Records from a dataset
━━━━━━━━━━━━━━━━━━━━━━━━━━━━━━

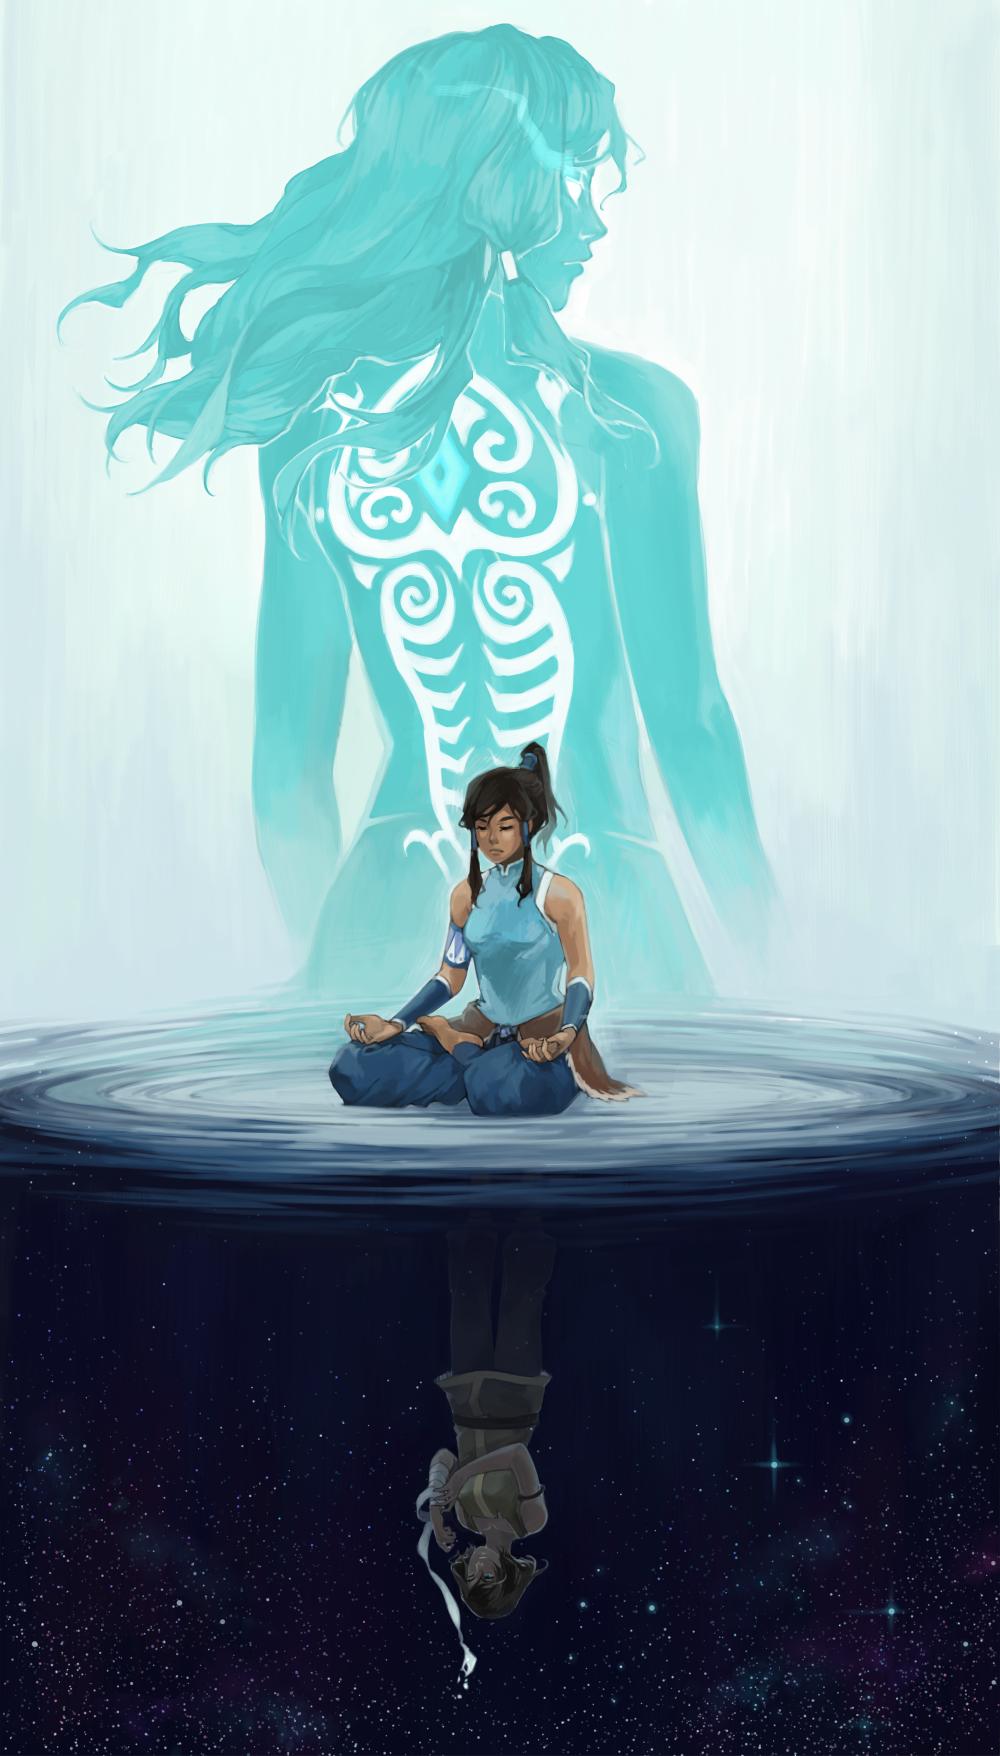 Обои Вода, корра, kyoshi, ..., воздух, Року, the legend of korra, земля, Киоши. Фильмы foto 3
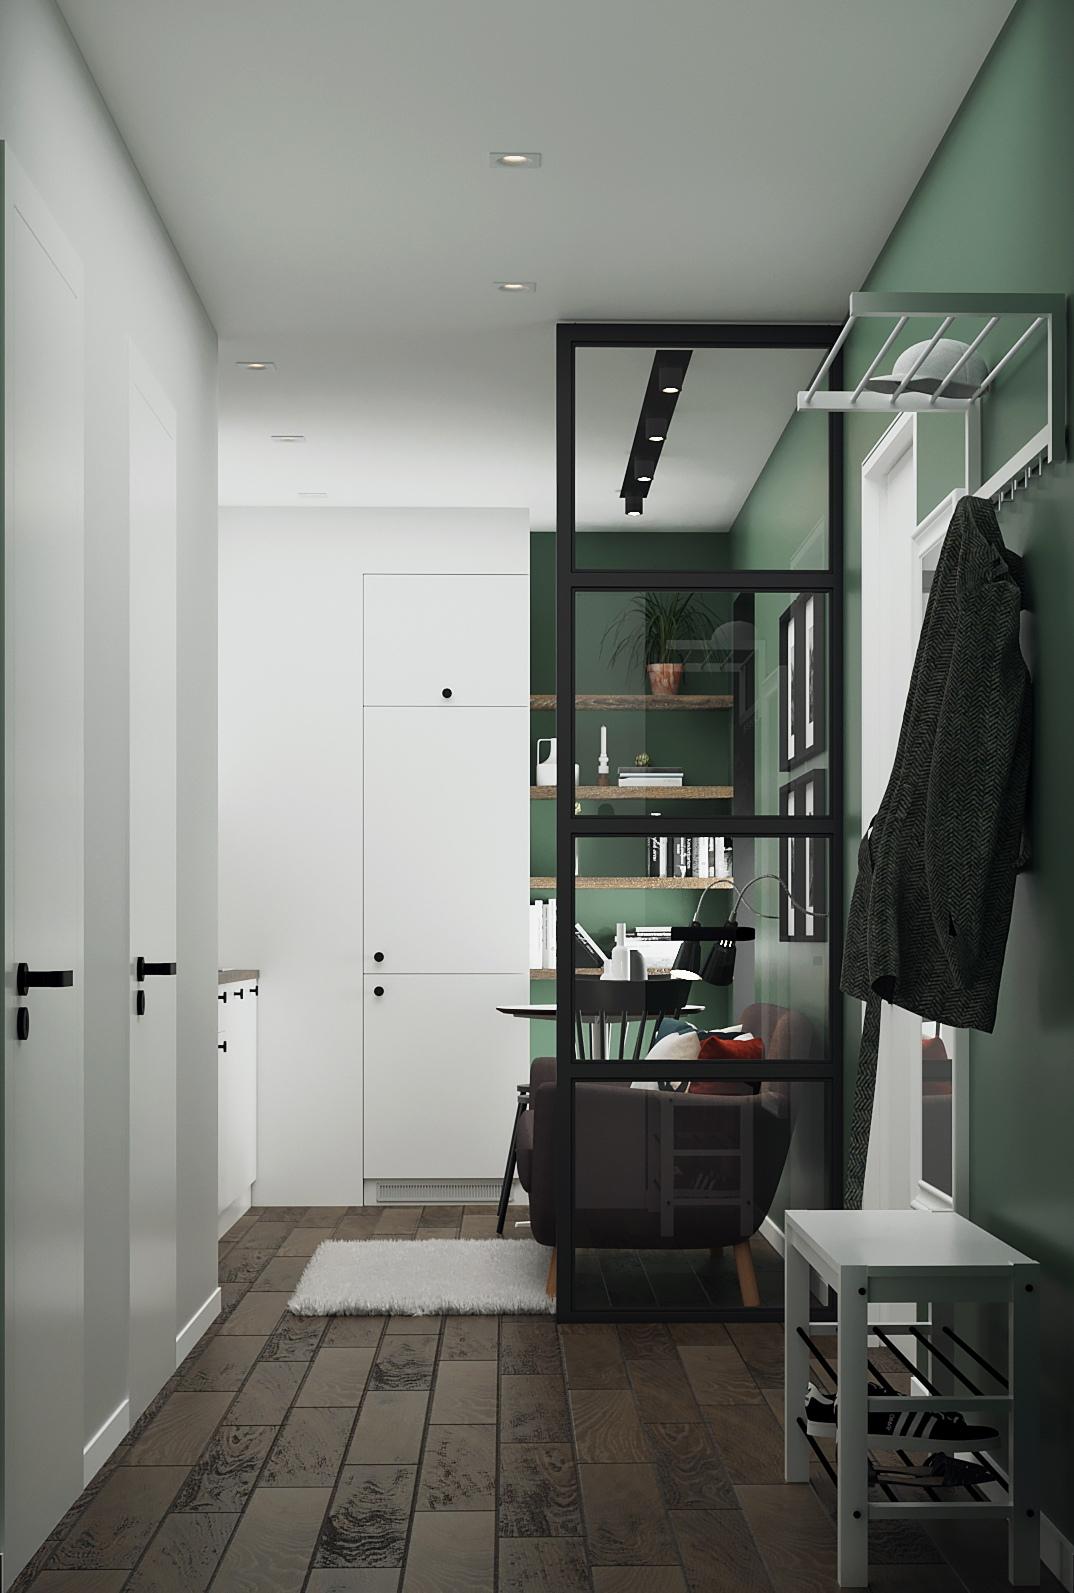 Дизайн-проект квартиры с кухней-гостиной и небольшой спальней в Санкт-Петербурге, 30 м2.
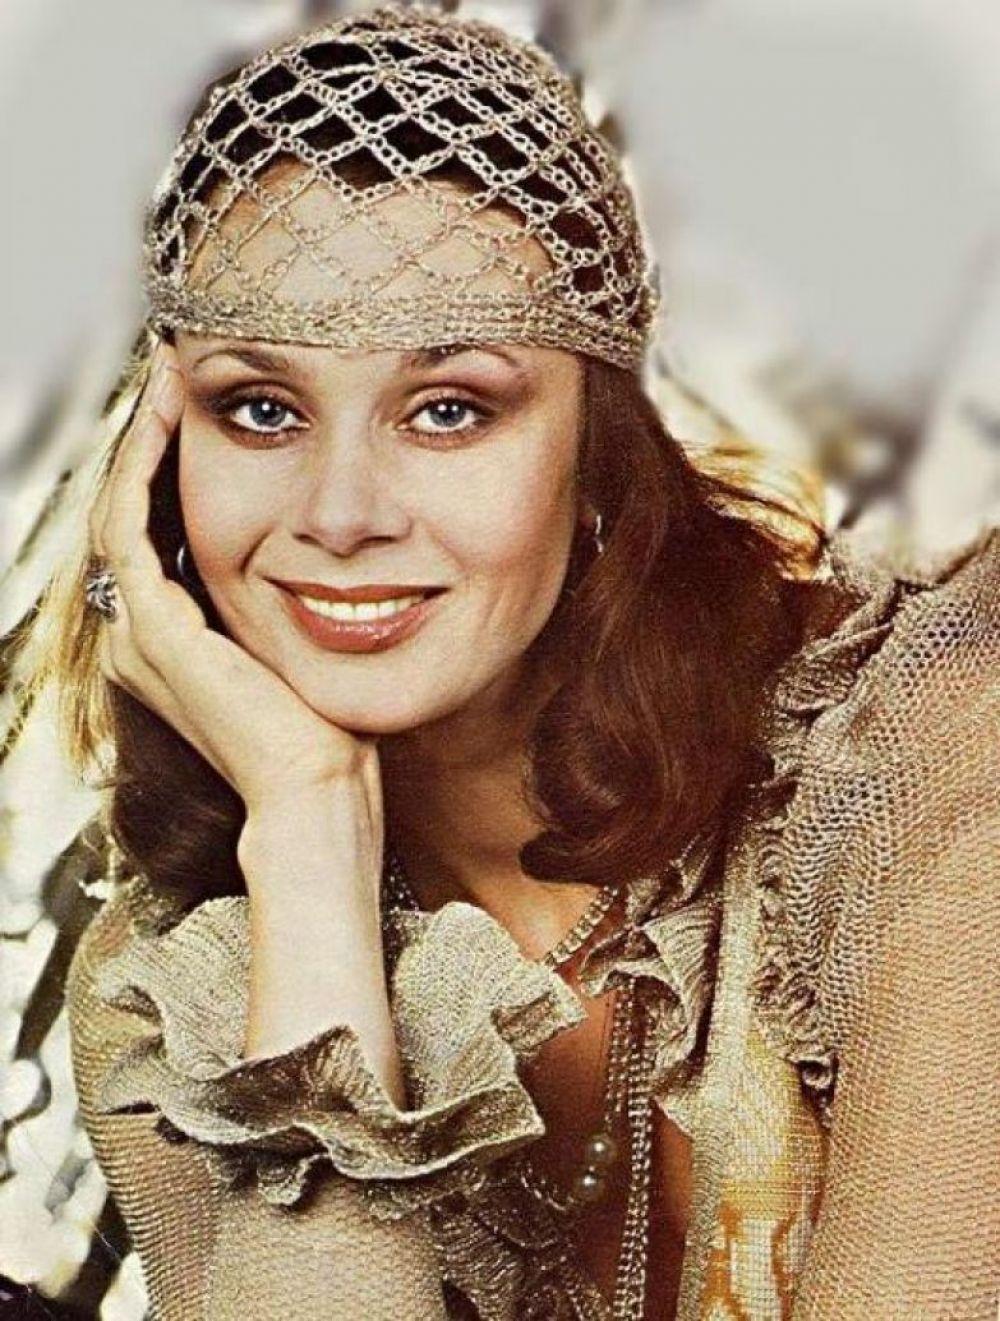 """В 1979-1984 годах Любовь Полищук работает буквально наизнос, снимаясь в кино, участвуя во всех спектаклях и антрепризах, Полищук становится известной. И во многом благодаря своей запоминающейся внешности. В это время актриса снимается в таких фильмах, как """"В моей смерти прошу винить Клаву К."""", """"Дуэнья"""""""
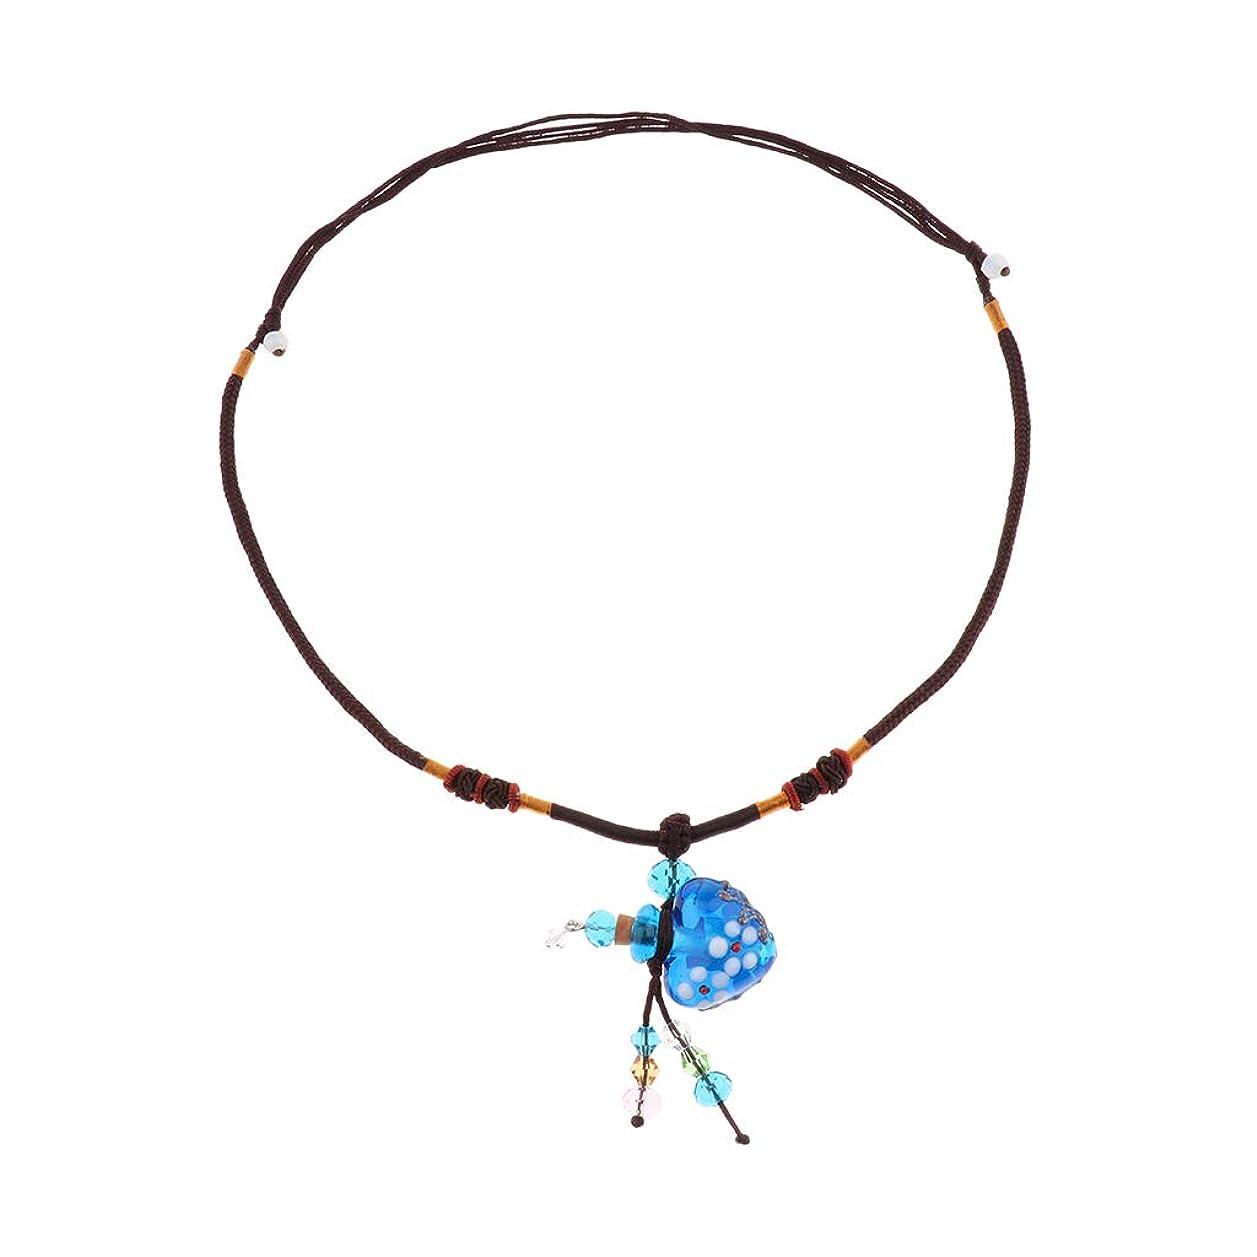 ストライドペルー注ぎますPerfeclan ガラス香水瓶 ペンダント ネックレス オイルディフューザー バイアル 3色選べ - 青
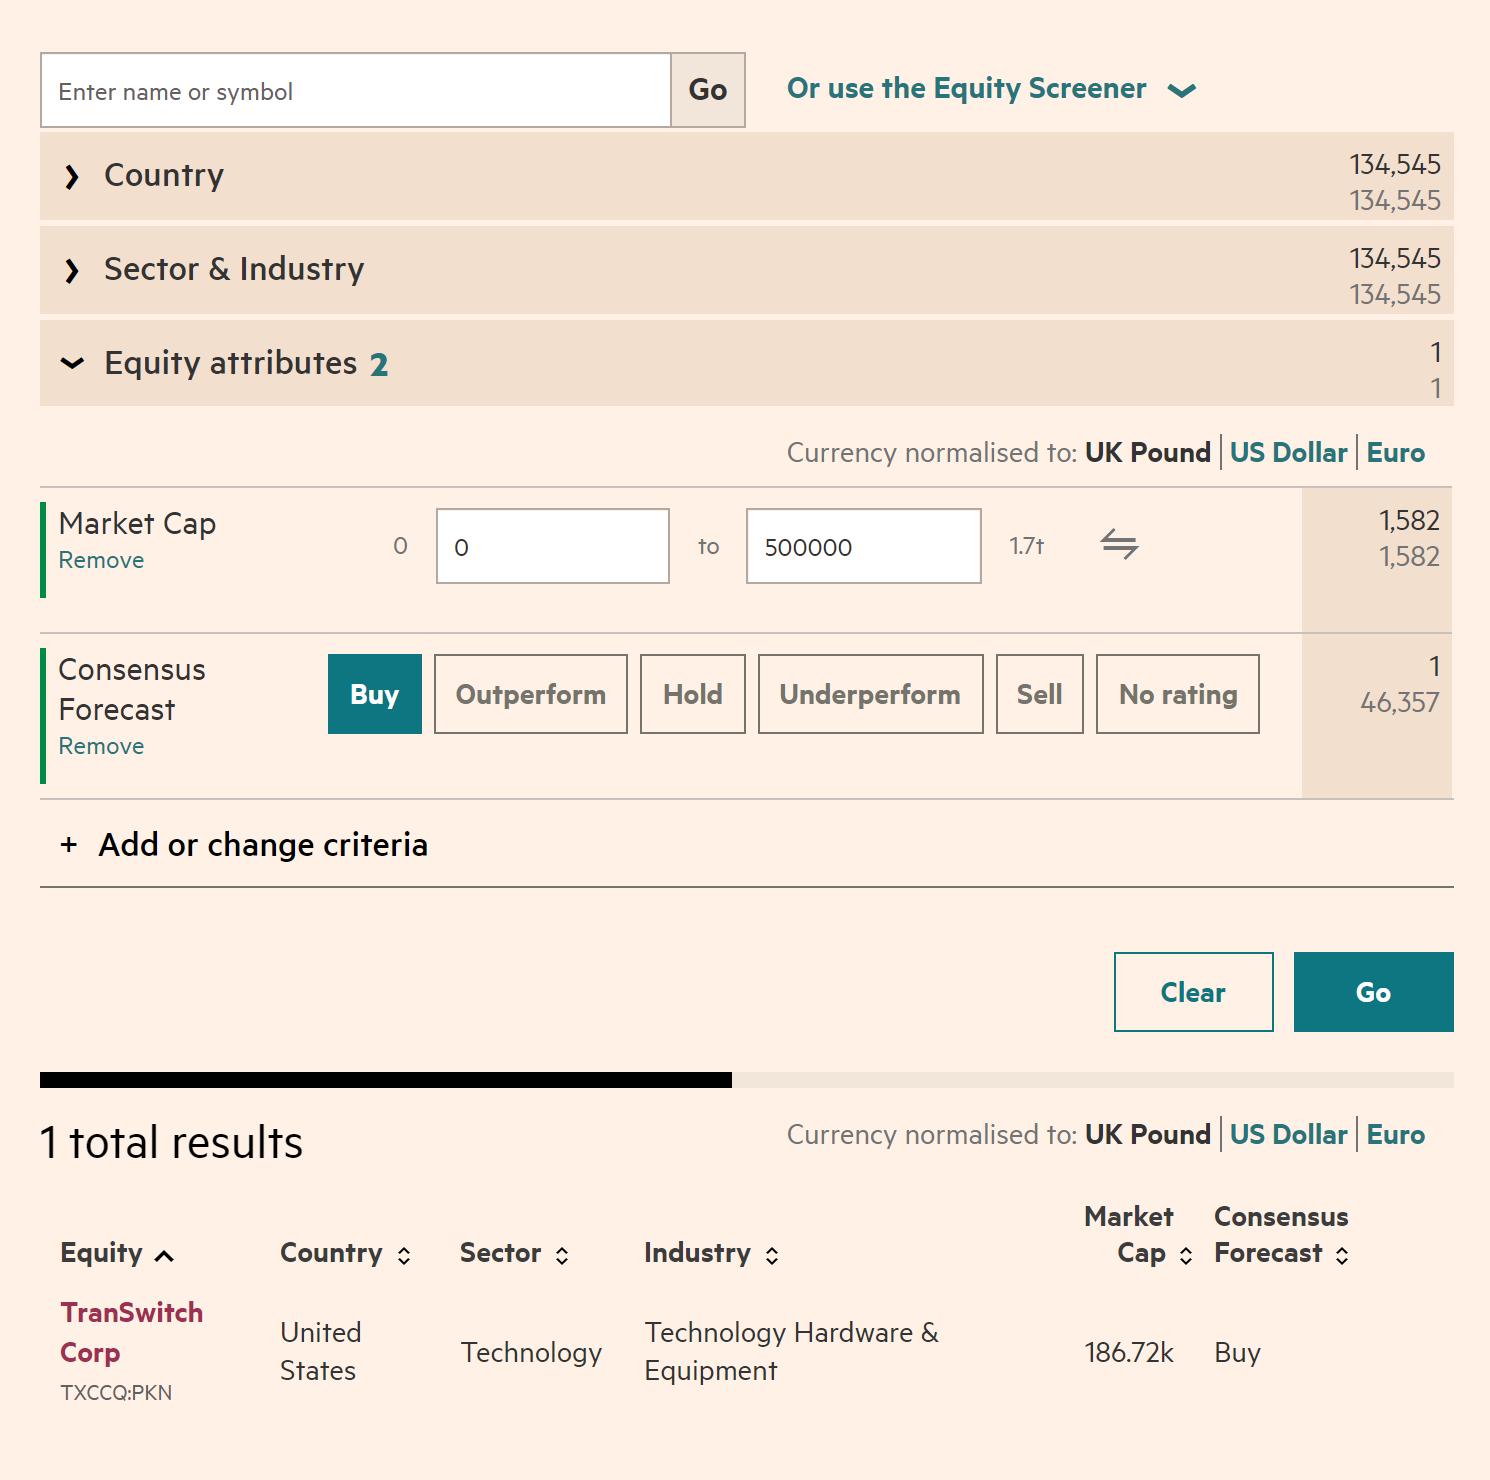 Скринер от Financial Times позволяет учитывать прогноз аналитиков. Например, я хочу найти маленькие компании, акции которых рекомендованы к покупке. Тогда в поле MarketCap — рыночная капитализация — задаю диапазон от0 до500 000$, а в поле Consensus Forecast — консенсус-прогноз — выбираю Buy. Получается очень маленькая подборка из одной компании

━━━━━━━━━━━━━━━━━━━━━━━━━━━━━━

Exercise objective:
Only the lines from the one containing "Дизайн-проект квартиры с" through the final line of the data are to be written out, exactly as they stand and without pictures.

Exercise response:
 Дизайн-проект квартиры с кухней-гостиной и небольшой спальней в Санкт-Петербурге, 30 м2.
 """В 1979-1984 годах Любовь Полищук работает буквально наизнос, снимаясь в кино, участвуя во всех спектаклях и антрепризах, Полищук становится известной. И во многом благодаря своей запоминающейся внешности. В это время актриса снимается в таких фильмах, как """"В моей смерти прошу винить Клаву К."""", """"Дуэнья"""""""
 ストライドペルー注ぎますPerfeclan ガラス香水瓶 ペンダント ネックレス オイルディフューザー バイアル 3色選べ - 青
 Скринер от Financial Times позволяет учитывать прогноз аналитиков. Например, я хочу найти маленькие компании, акции которых рекомендованы к покупке. Тогда в поле MarketCap — рыночная капитализация — задаю диапазон от0 до500 000$, а в поле Consensus Forecast — консенсус-прогноз — выбираю Buy. Получается очень маленькая подборка из одной компании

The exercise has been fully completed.